PROVIDED DATA section start

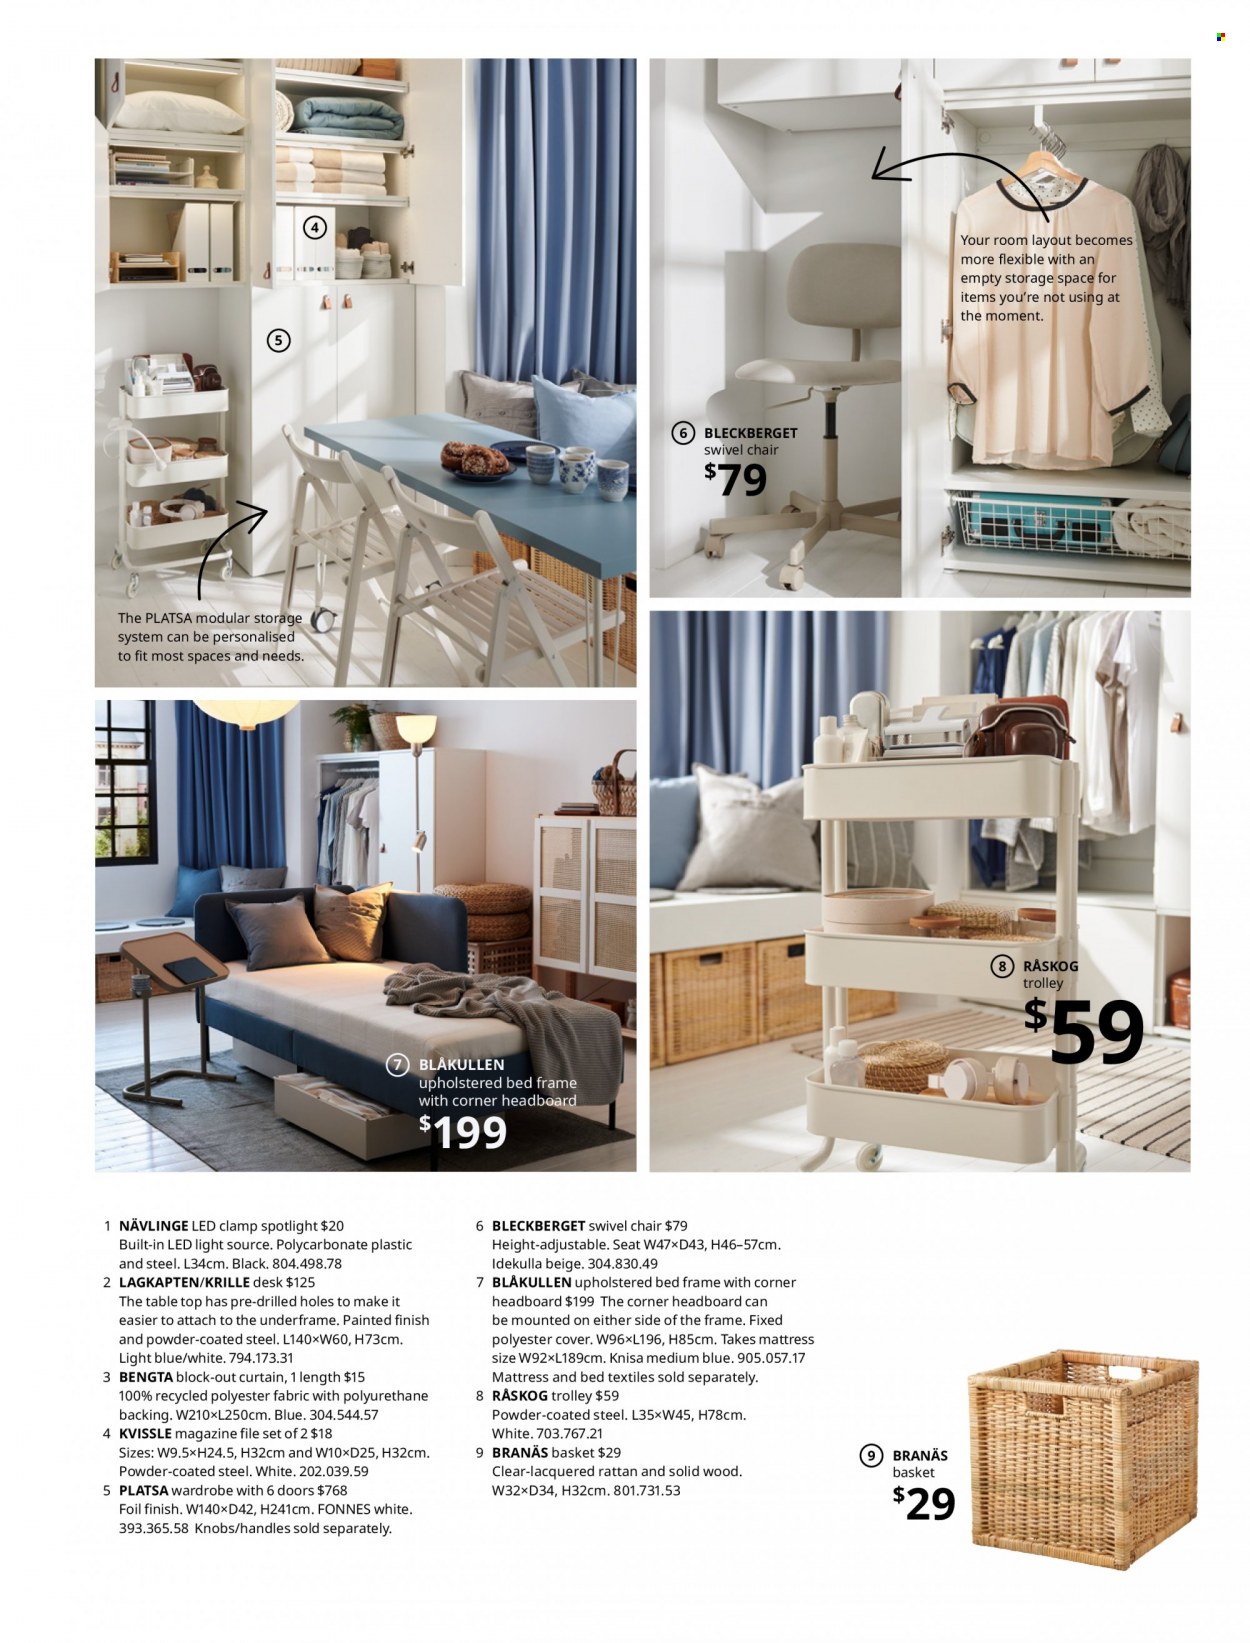 thumbnail - IKEA Catalogue - Sales products - trolley, dining table, chair, swivel chair, upholstered bed, bed, headboard, bed frame, mattress, wardrobe, desk, basket, spotlight, curtain. Page 11.
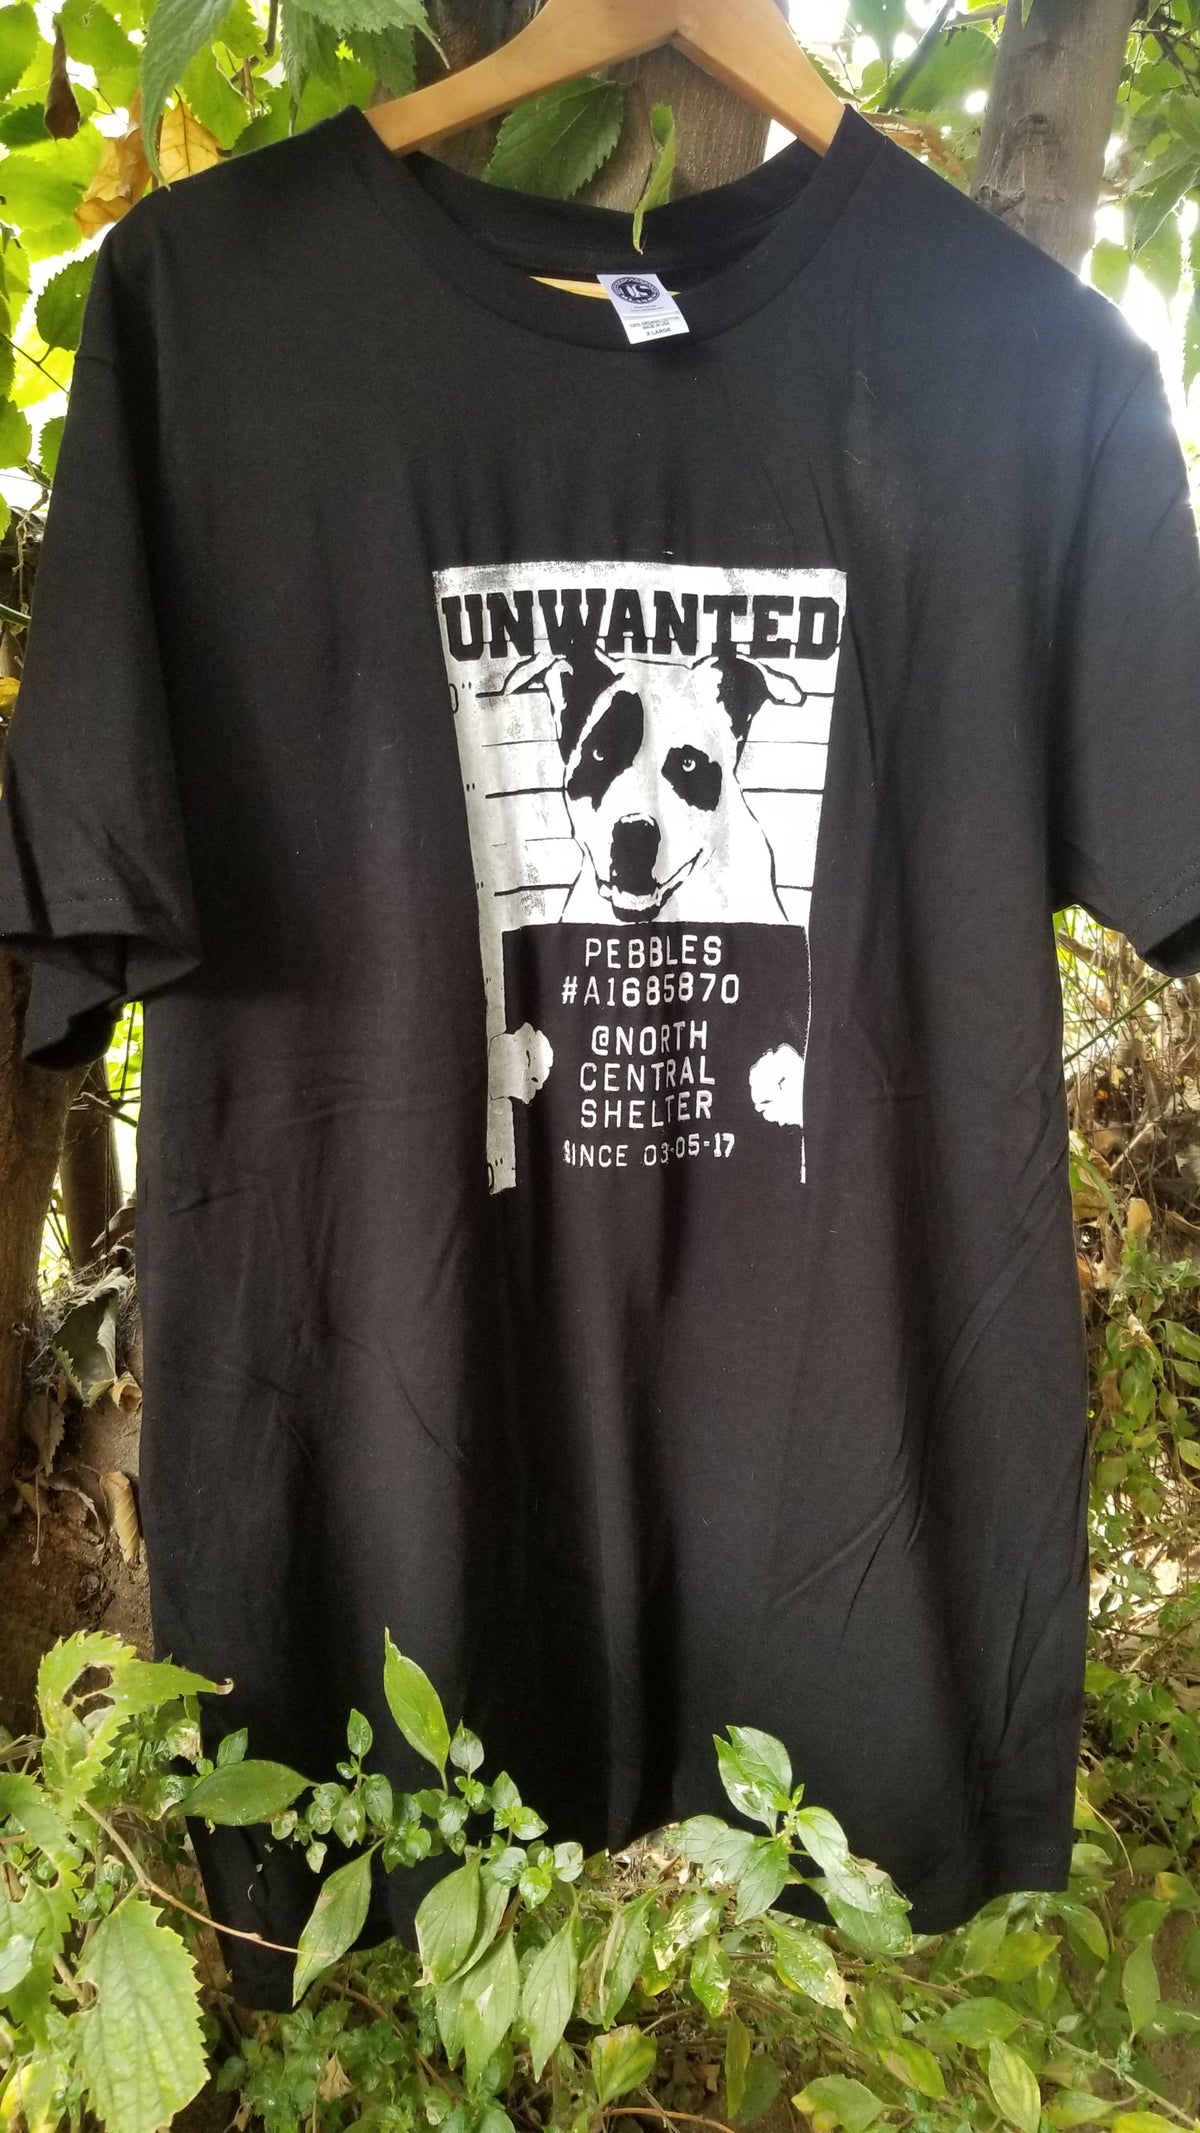 Pebbles - Unwanted Dog T-shirt - Found a Home!
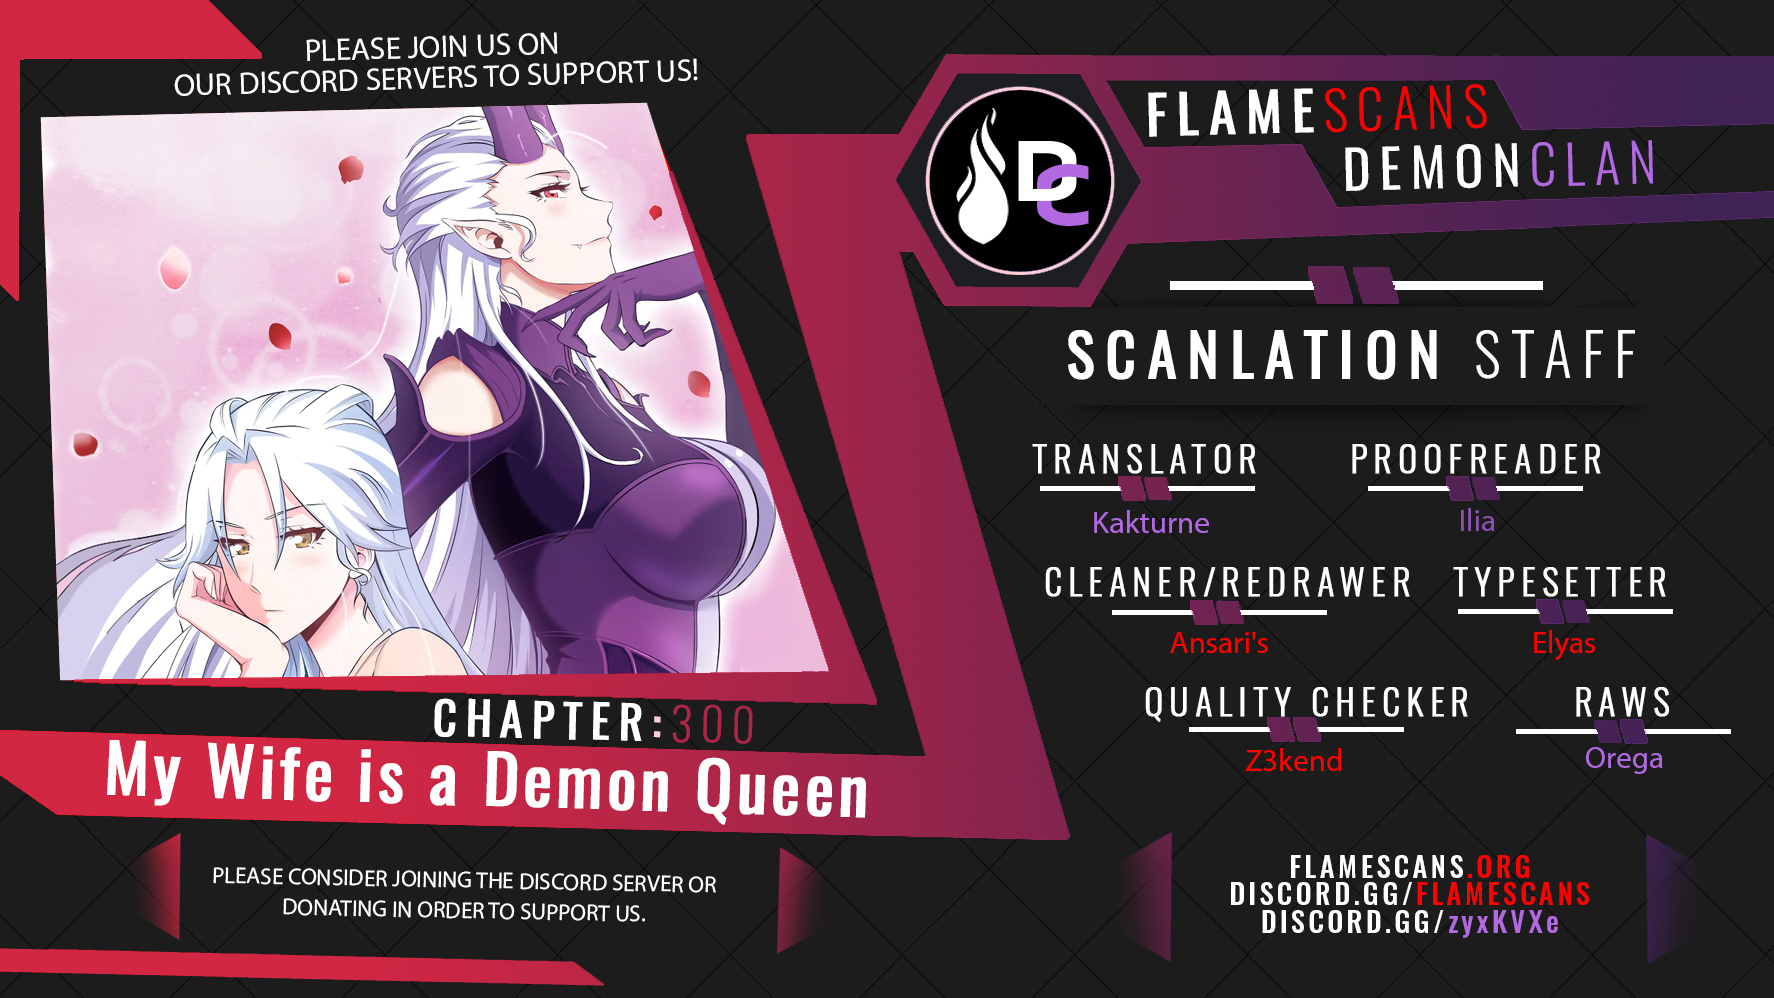 My Wife is a Demon Queen - Chapter 10918 - Image 1

PROVIDED DATA section end

TASK DESCRIPTION: Reproduce the material word for word. Any pictures should be left out of the copy.

RESULT FOR THIS TASK:
 thumbnail - IKEA Catalogue - Sales products - trolley, dining table, chair, swivel chair, upholstered bed, bed, headboard, bed frame, mattress, wardrobe, desk, basket, spotlight, curtain. Page 11.
 Pebbles - Unwanted Dog T-shirt - Found a Home!
 My Wife is a Demon Queen - Chapter 10918 - Image 1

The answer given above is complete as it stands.